Exclude the pictures and reproduce the remaining data exactly as written.

(Recorded information begins)

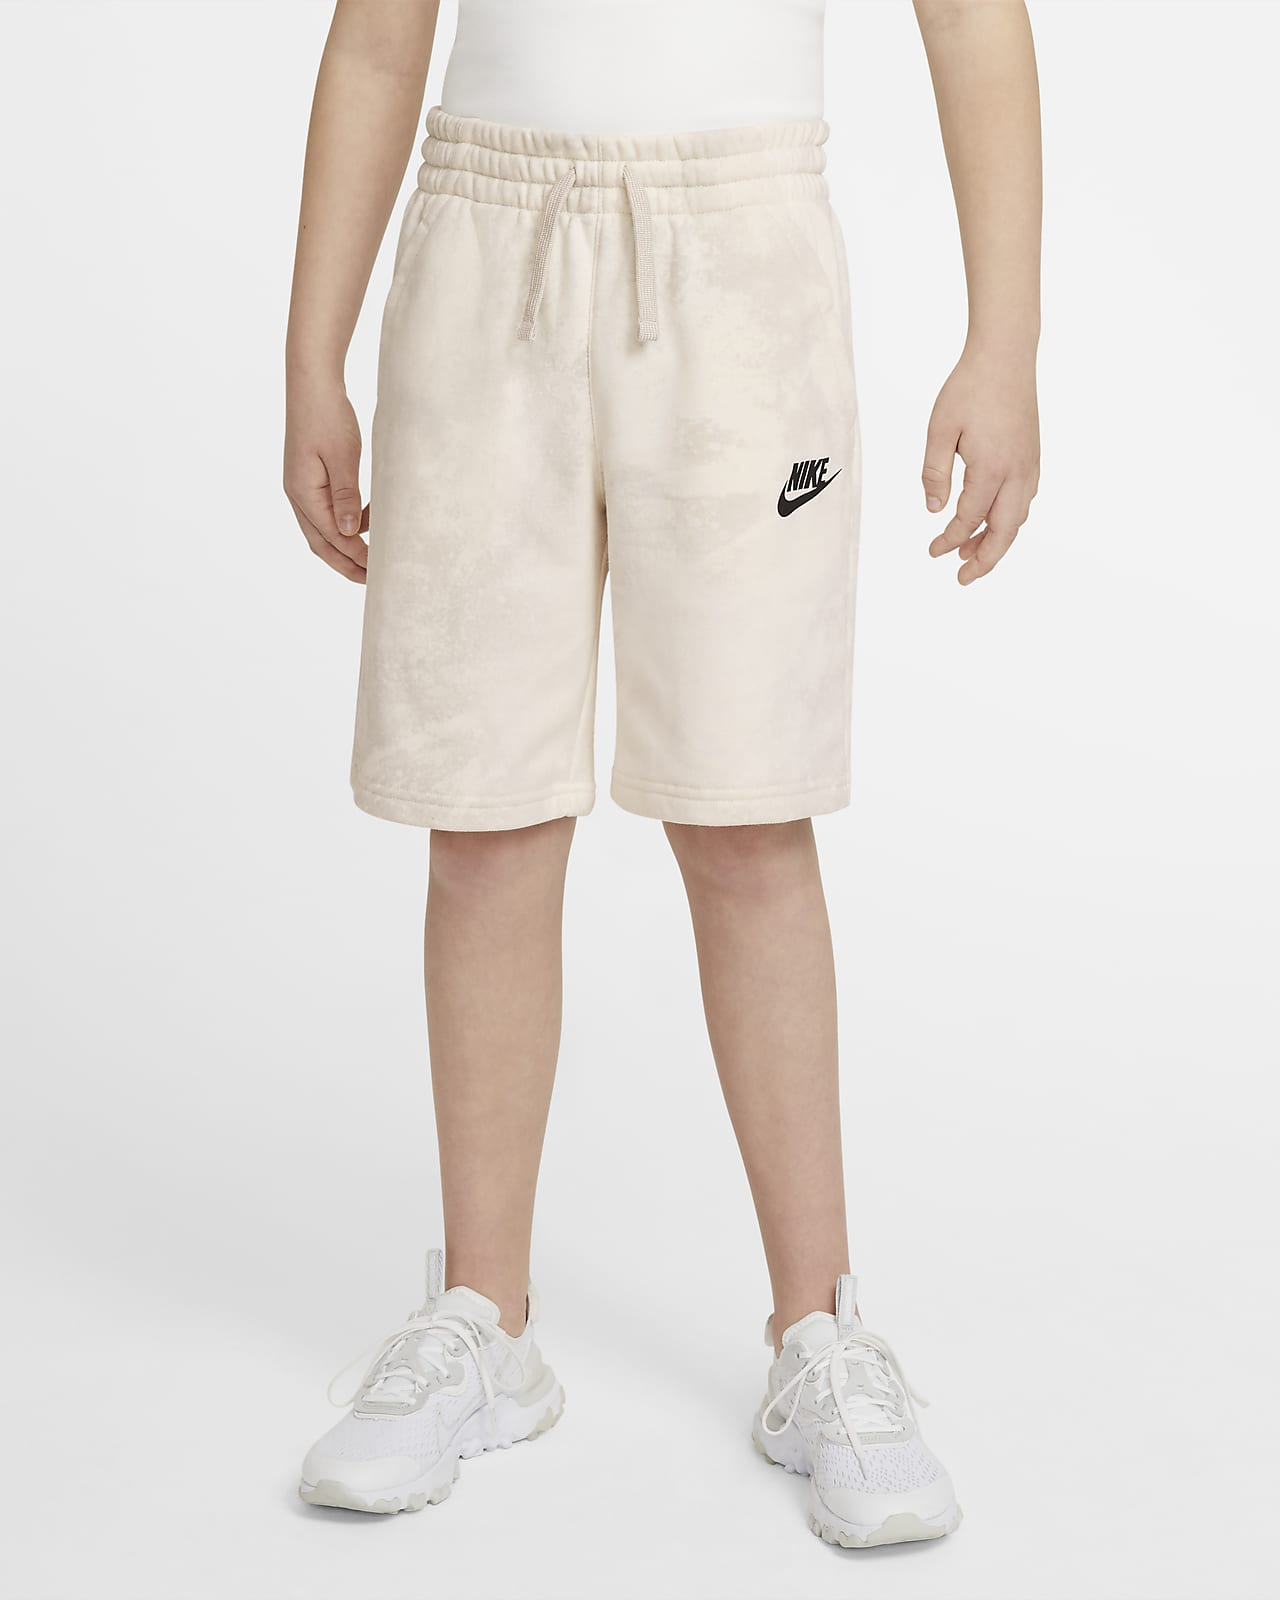 Nike Sportswear Magic Club Older Kids' (Boys') Tie-Dye Shorts
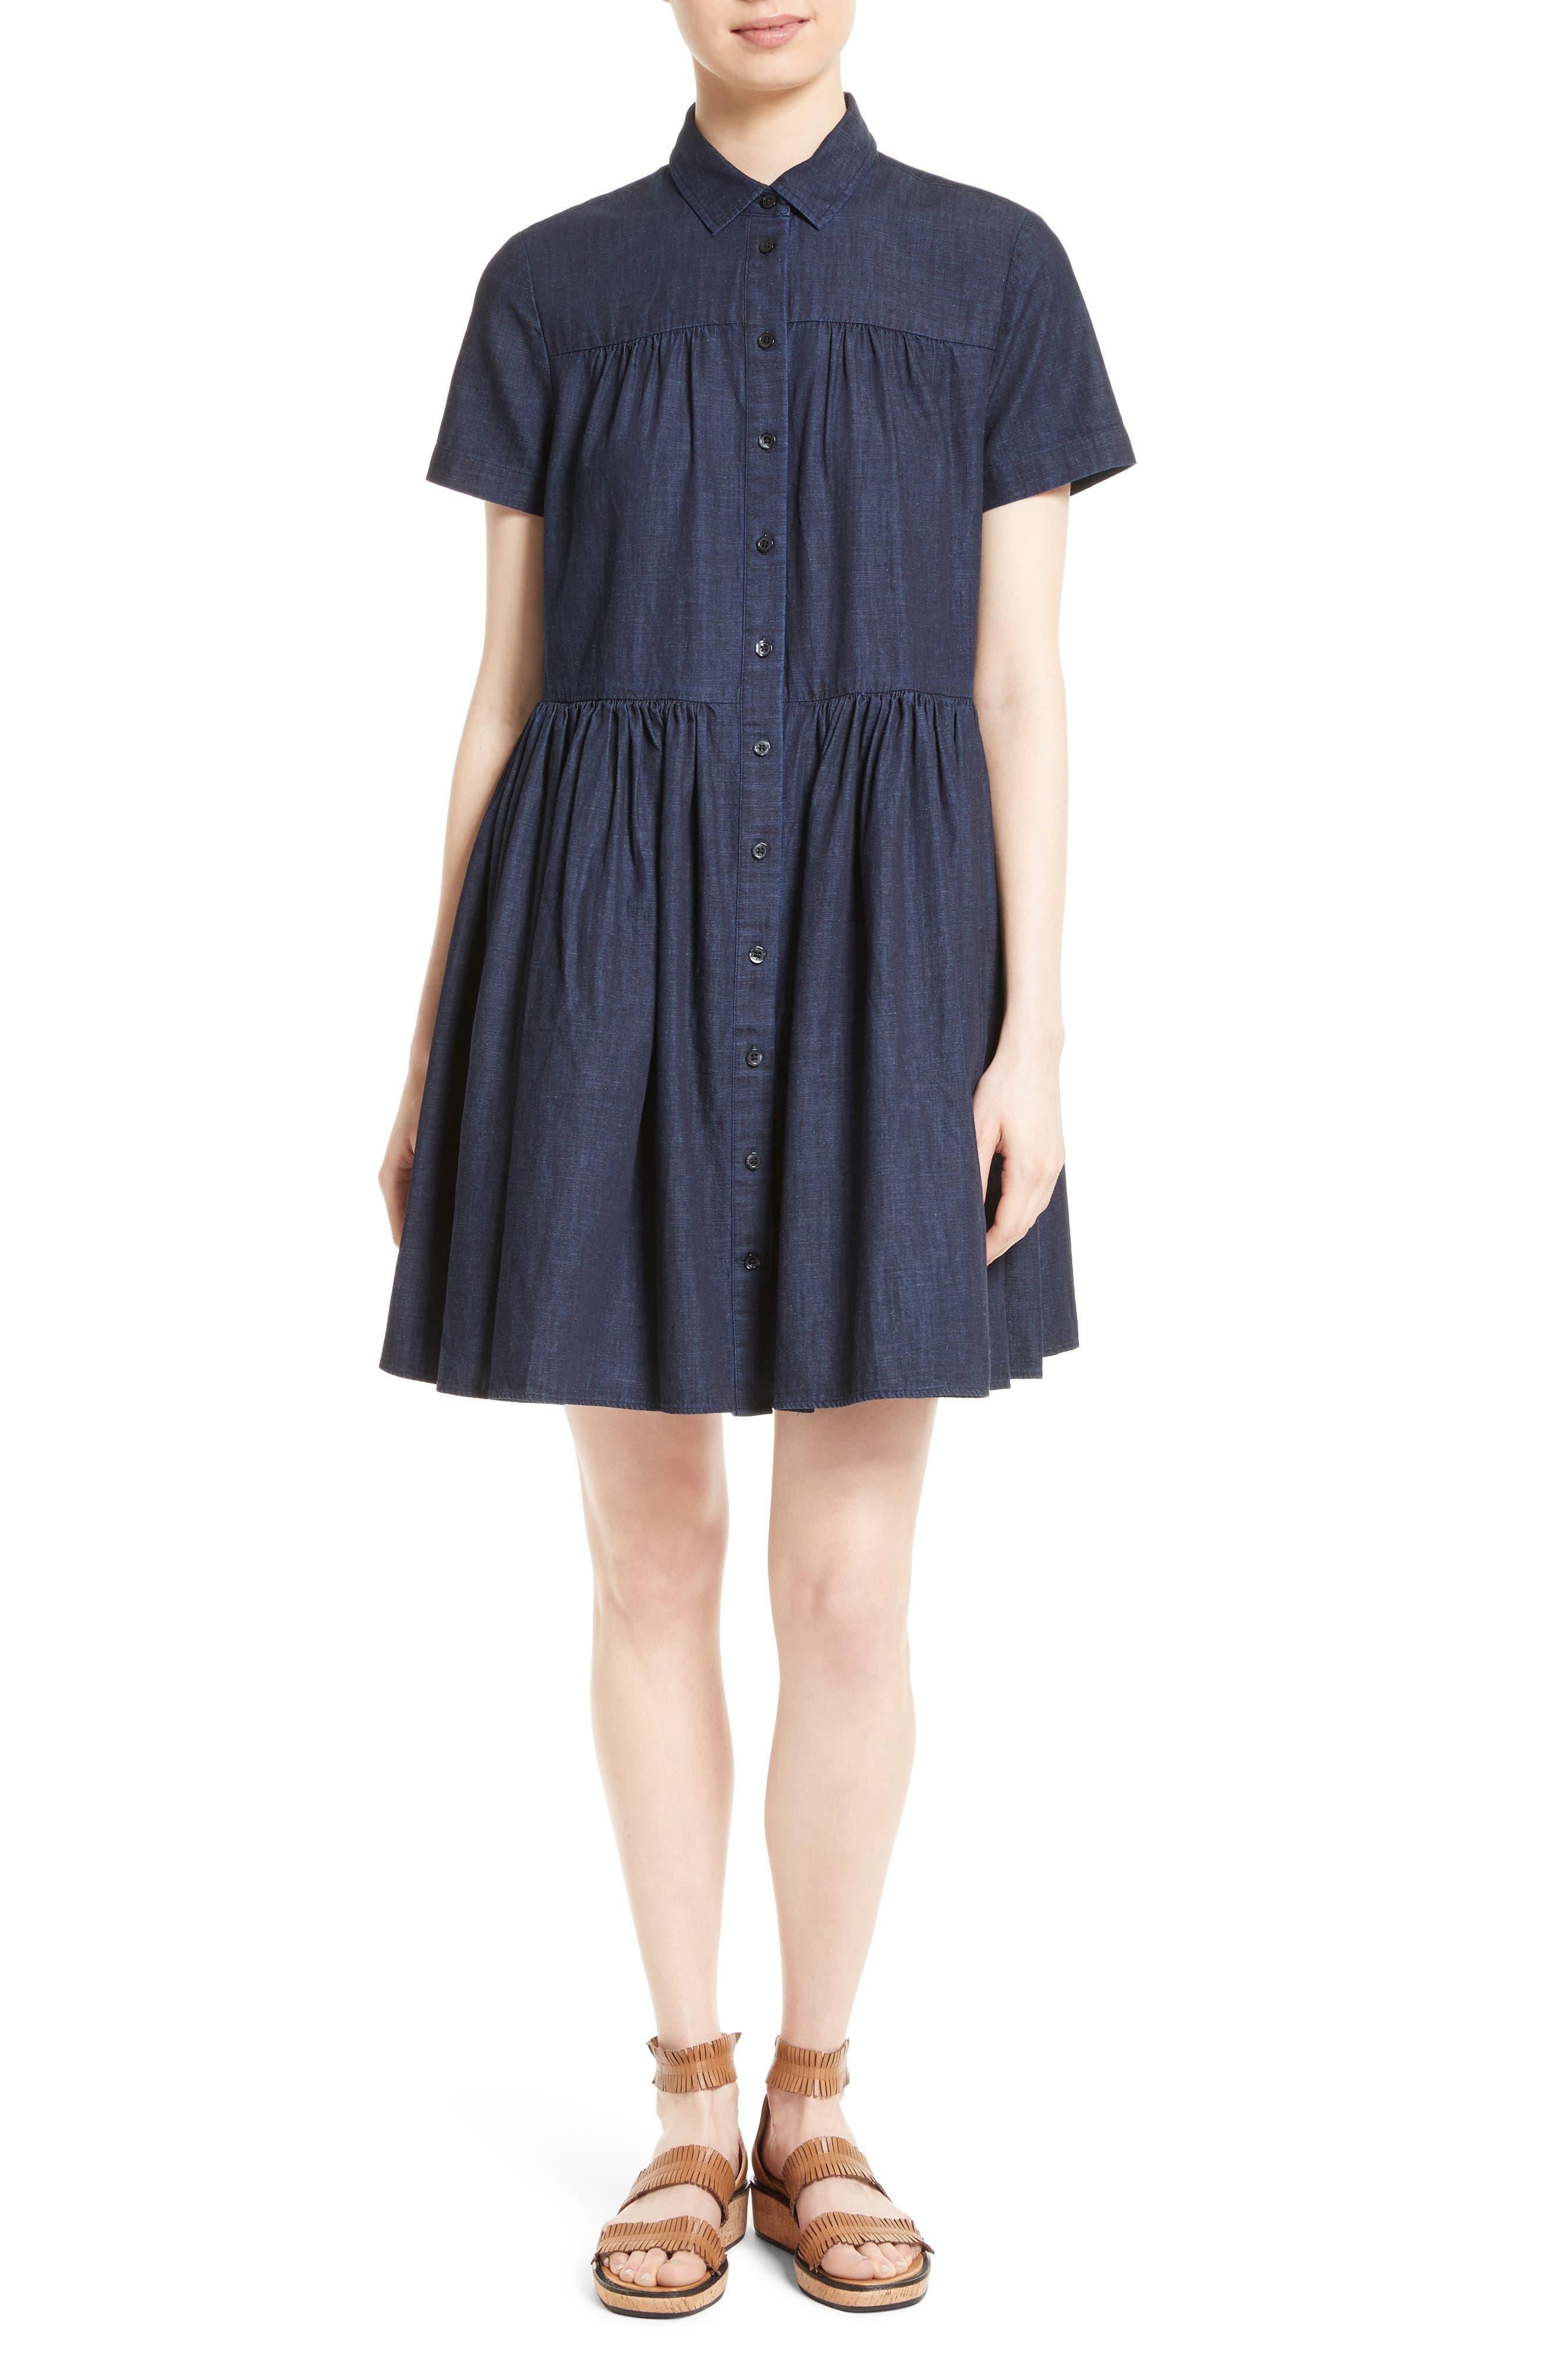 Alternate Image 1 Selected - kate spade new york chambray swing shirtdress
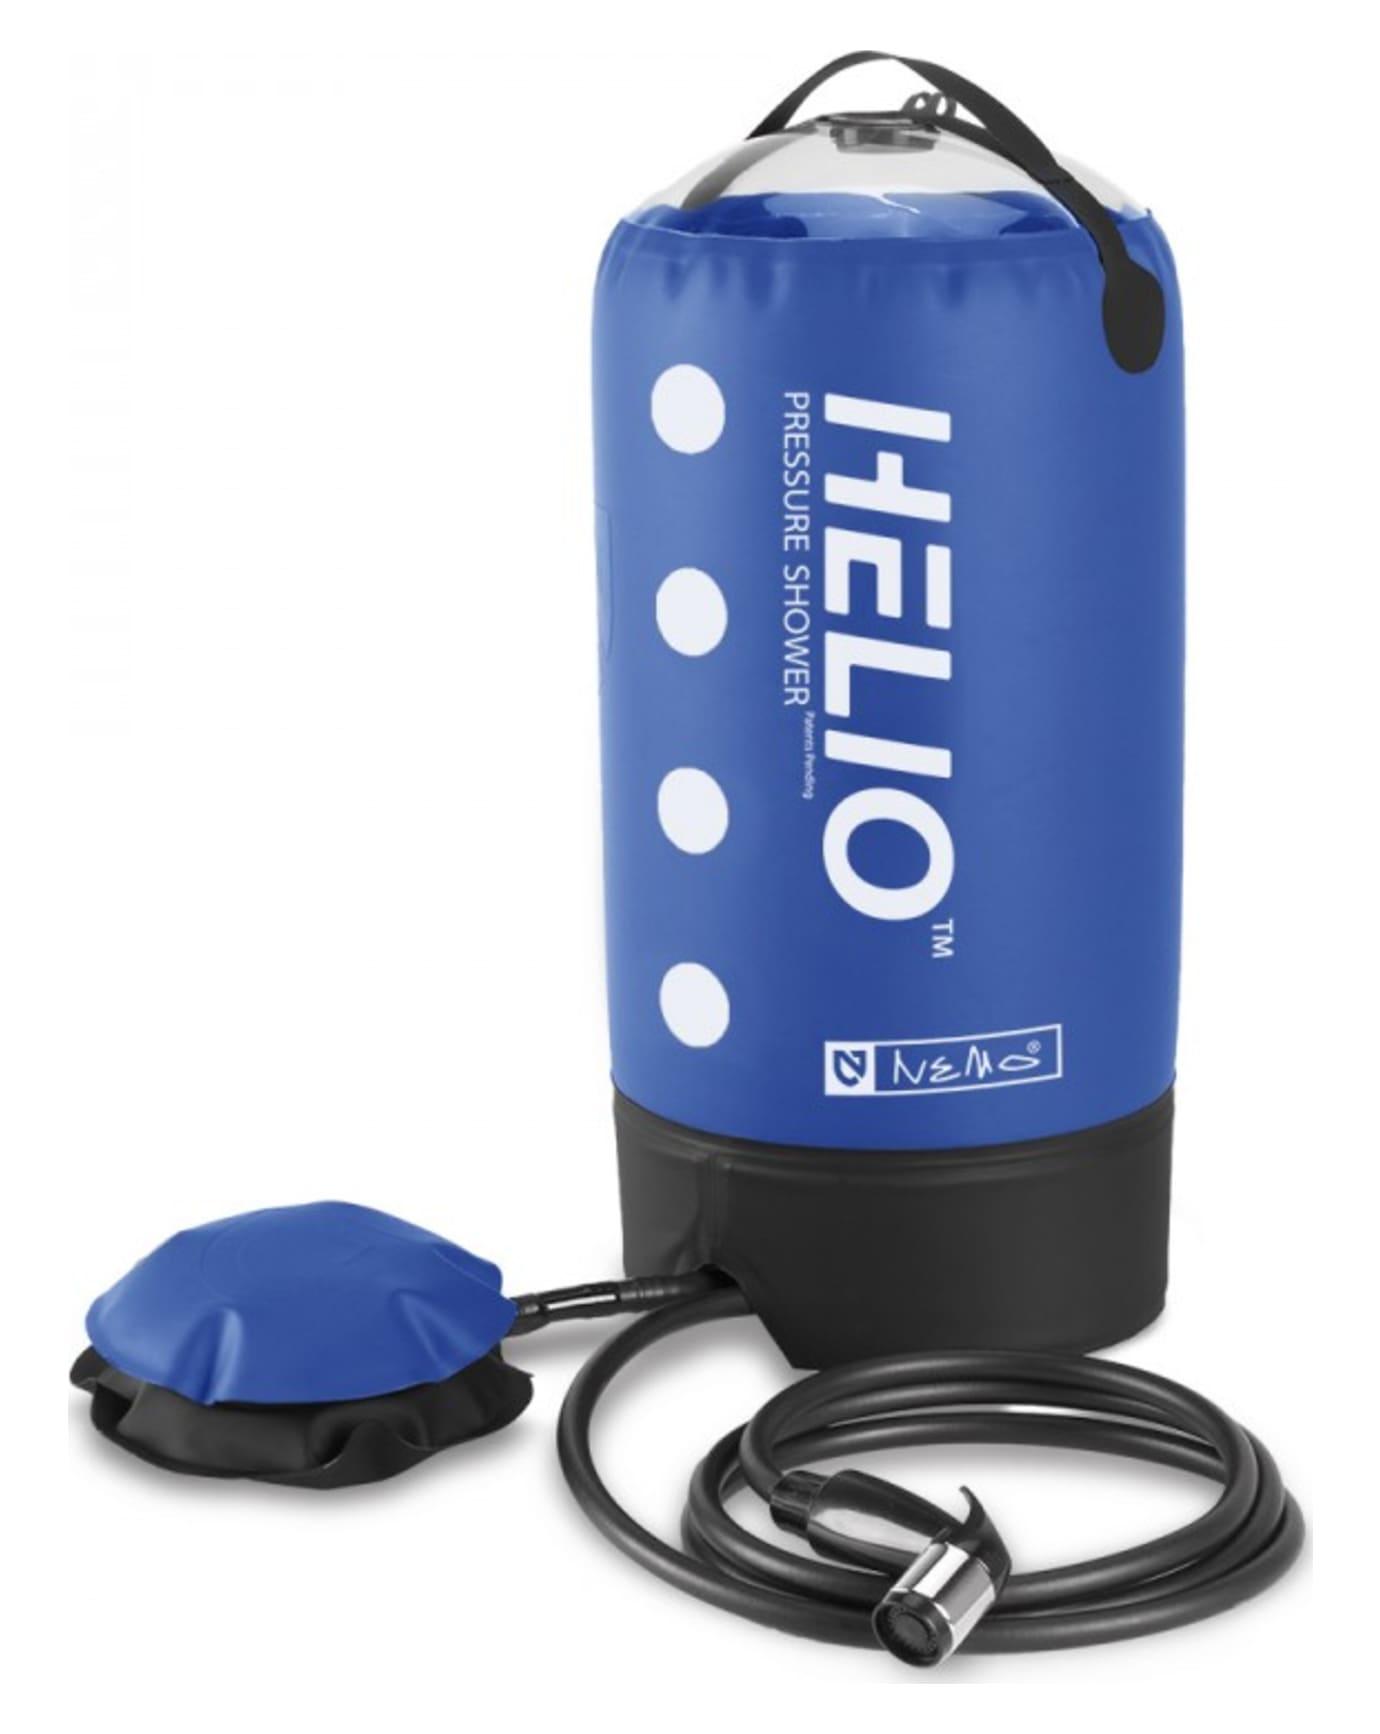 Nemo Helio Pressure Shower Ocean

(Recorded information ends)

- **Exercise result**
 Nike Sportswear Magic Club Older Kids' (Boys') Tie-Dye Shorts
 Alternate Image 1 Selected - kate spade new york chambray swing shirtdress
 Nemo Helio Pressure Shower Ocean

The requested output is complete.